8 Tips for PR SuccessBy Christine Dubyts, Dubyts Communications
1) Advance Prep Pays
Do your homework.
Check out the media calendar of the newspapers, magazines, radio and TV stations you'll send your release to. Who are the screeners, editor(s), program coordinators of the subject you are writing about? What is their preferred method of receiving releases? How much lead time do they need to provide the coverage you're after?
The more information you have about who you need to send your release to, how they prefer to receive it and the special circumstances of their medium the better the chances of getting coverage.
2) Its Not What You Know . . . But Who You Know
Once you have a contact name of the editor and/or decision maker, try and get to really know them. Phone or make contact with them. Make yourself available as a source/resource of reliable industry information. Facilitate a win-win relationship.
3) Immediate Impressions Can Make-It or Break-It
What impression does the screener/reader get when they glance at the overall appearance of your press release?
Is it professional? Does it have a catchy headline? Or is the top of the page crowded and busy with unnecessary information and images?
Is it readable? What fonts at what size and what imagery did you choose?

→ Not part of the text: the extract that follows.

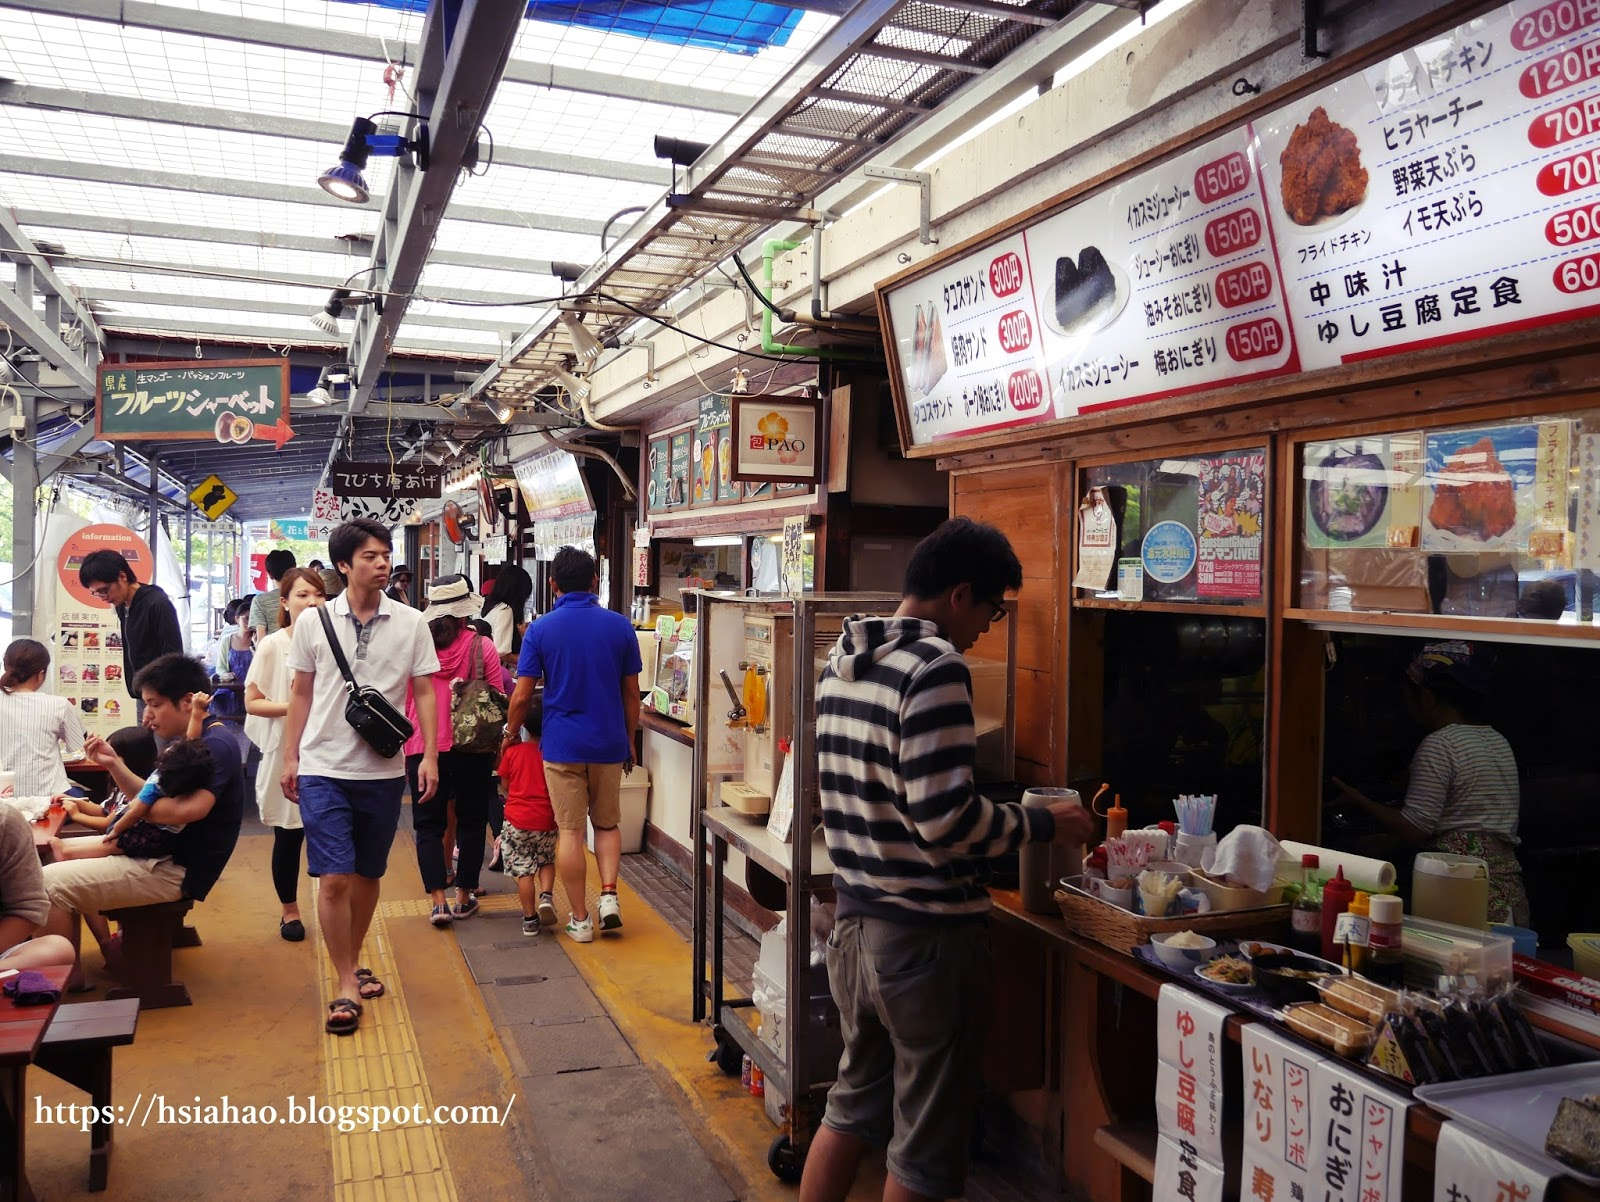 沖繩-推薦-景點-恩納車站-自由行-旅遊-Okinawa-Yomitan

Is it intuitive? Or will the reader have to search the release to find the important information? Is the contact information easy to find?
And probably most importantly, can the reader discern in 5-seconds or less what the release is about?
If immediate impressions under-whelm it may not get filed under the “g” but an unprofessional, visually unappealing release is definitely a strike against you.
4) Headlines Get You Half-Way
Even if the first impression doesn't wow them you may get a chance to redeem yourself by offering a great headline.
The headline is the most important part of the release. If you can give the screener/reader an attention grabbing, catchy, interesting headline you're half-way there.
5) Newsworthy Makes Good News
The screener/reader will try quickly to figure out if your story has information people need or would like to know. They will also try to establish how much of a potential audience there might be for that information.
How newsworthy is your story?
6) Write for the Right Medium
Write your release for the medium(s) you are targeting. Ask yourself, “Who's going to be reading this, and what do they need to know from me?"
Savvy PR people take the time and specifically tailor a release to the medium they're targeting.
The readers of your release typically look for news story ops that have characteristics that match their medium.
- Newspapers, magazines and other print media look for the depth of the story.
- TV news wants visuals of people or something that is action oriented.
- TV/radio talk or "magazine" shows look for engaging guests to interview or topics to discuss at some length.
7) What's it “Really” About?
What is your press release really about?
Many releases are written to sell a product and talk mainly about that product or their company and offer no news value.
Don't insult the reader or waste their time. Remember, a news release is supposed to be about NEWS. It should read like a newspaper article, not a promo flyer or brochure.
If you're just looking to pat yourself on the back for some self-glorification it is fairly self evident and self-serving and usually offers little interest to journalists.
Match your release to the media (#5) then provide information that offers readers/viewers something that will keep them engaged and prevent them from changing the channel or turning the page.
You need to convince the screener that there's something in the release that will compel their readers to look at the page long enough to notice the ad to the left of the column.
If you can give them information that keeps their audiences engaged, you've got a winner.
8) Ask For It!
Just like you might ask for the sale, follow-up on your release and ask when you might expect coverage. As always, be professional and positive and remind them why your story is suitable for their medium and why it will engage and interest their audience.